Si la France dit " Oui ", ils comprendront immédiatement que l'Europe a décidé d'exister en fonction de la réponse du pays qui a toujours porté l'ambition européenne.
Si la France dit " Non ", ils comprendront immédiatement que l'Europe est devant une crise de première importance, puisque c'est la France qui a voulu la Constitution et ce serait la France qui l'écarterait ou la refuserait.
Les conclusions pour les dirigeants politiques de ces deux grandes puissances, américaine et chinoise, seraient, vous l'imaginez, sans ambiguïtés.
Dans un cas, ils verront se construire un monde où se préparerait un équilibre ; dans l'autre cas, ils comprendront que, désormais, l'Europe a renoncé à compter et à peser dans cet univers.
Pour nous, en tout cas, notre réponse ne changera pas. Si nous voulons défendre ce que nous avons de plus précieux -notre modèle de société, notre valeur et nos acquis- l'Europe est vitale pour nous, Français et pour tous les Européens.
Il n'est aucun domaine, ni en matière monétaire, ni en matière diplomatique, ni en matière d'aide au développement, ni en matière militaire, ni en matière de recherche, ni en matière sociale où nous puissions envisager de tourner le dos à l'immense entreprise européenne.
Cette Europe-là, doit-elle être une démocratie sous le contrôle des citoyens ou doit-elle demeurer une technocratie sous le contrôle des experts ?
Là encore, notre réponse est sans ambiguïté.
La démocratie est ce qui a manqué jusqu'à maintenant à l'Europe. C'est pourquoi nous avons été, à l'UDF, les premiers à demander une Constitution. C'est avec la Constitution que la démocratie commence.
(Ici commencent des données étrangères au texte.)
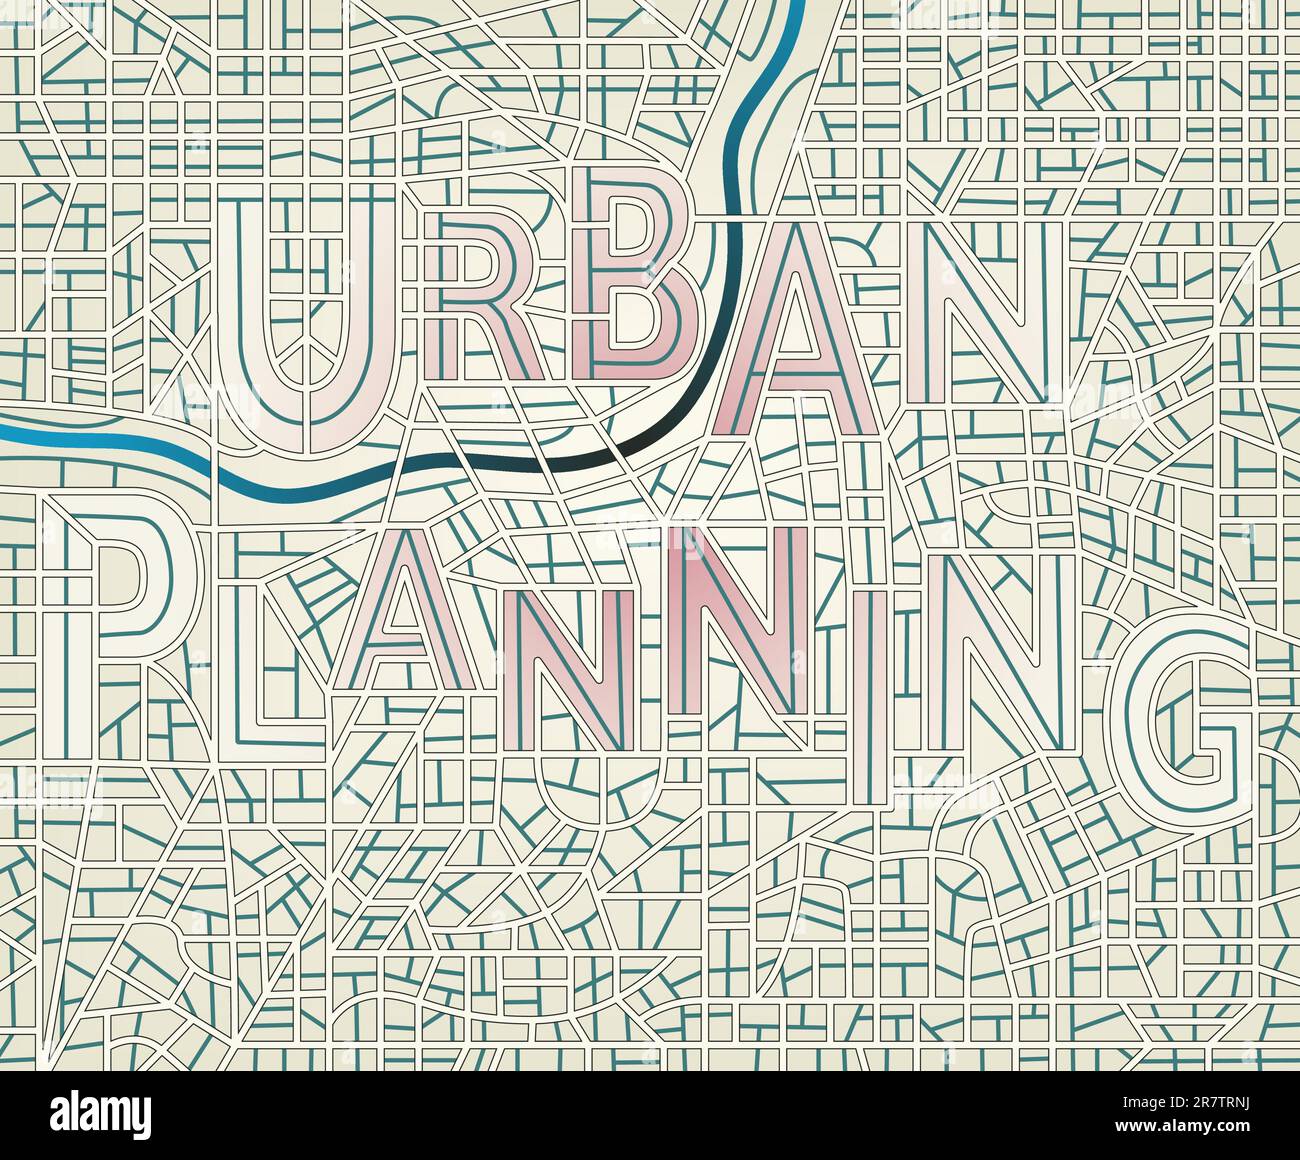 Editierbare Vektorkarte einer generischen Stadt, auf der die Straßen die Wörter „Urban Planning“ (Stadtplanung) schreiben, enthält Umrisse für einen einfachen Farbwechsel Stock Vektor

Je vous renvoie à la Déclaration des Droits de l'Homme et du Citoyen qui le dit de manière explicite. C'est lorsqu'on a établi, dans un ensemble politique, la séparation des pouvoirs, l'équilibre des pouvoirs, l'identification des dirigeants et les droits des citoyens sur les dirigeants que la démocratie commence. C'est l'acte I.
L'adoption d'une Constitution, c'est l'acte I de la création d'une démocratie. C'est la raison pour laquelle, nous différenciant des autres forces politiques, nous disons : ce n'est pas un traité ordinaire, c'est bien de l'adoption d'une Constitution pour l'Europe qu'il s'agit.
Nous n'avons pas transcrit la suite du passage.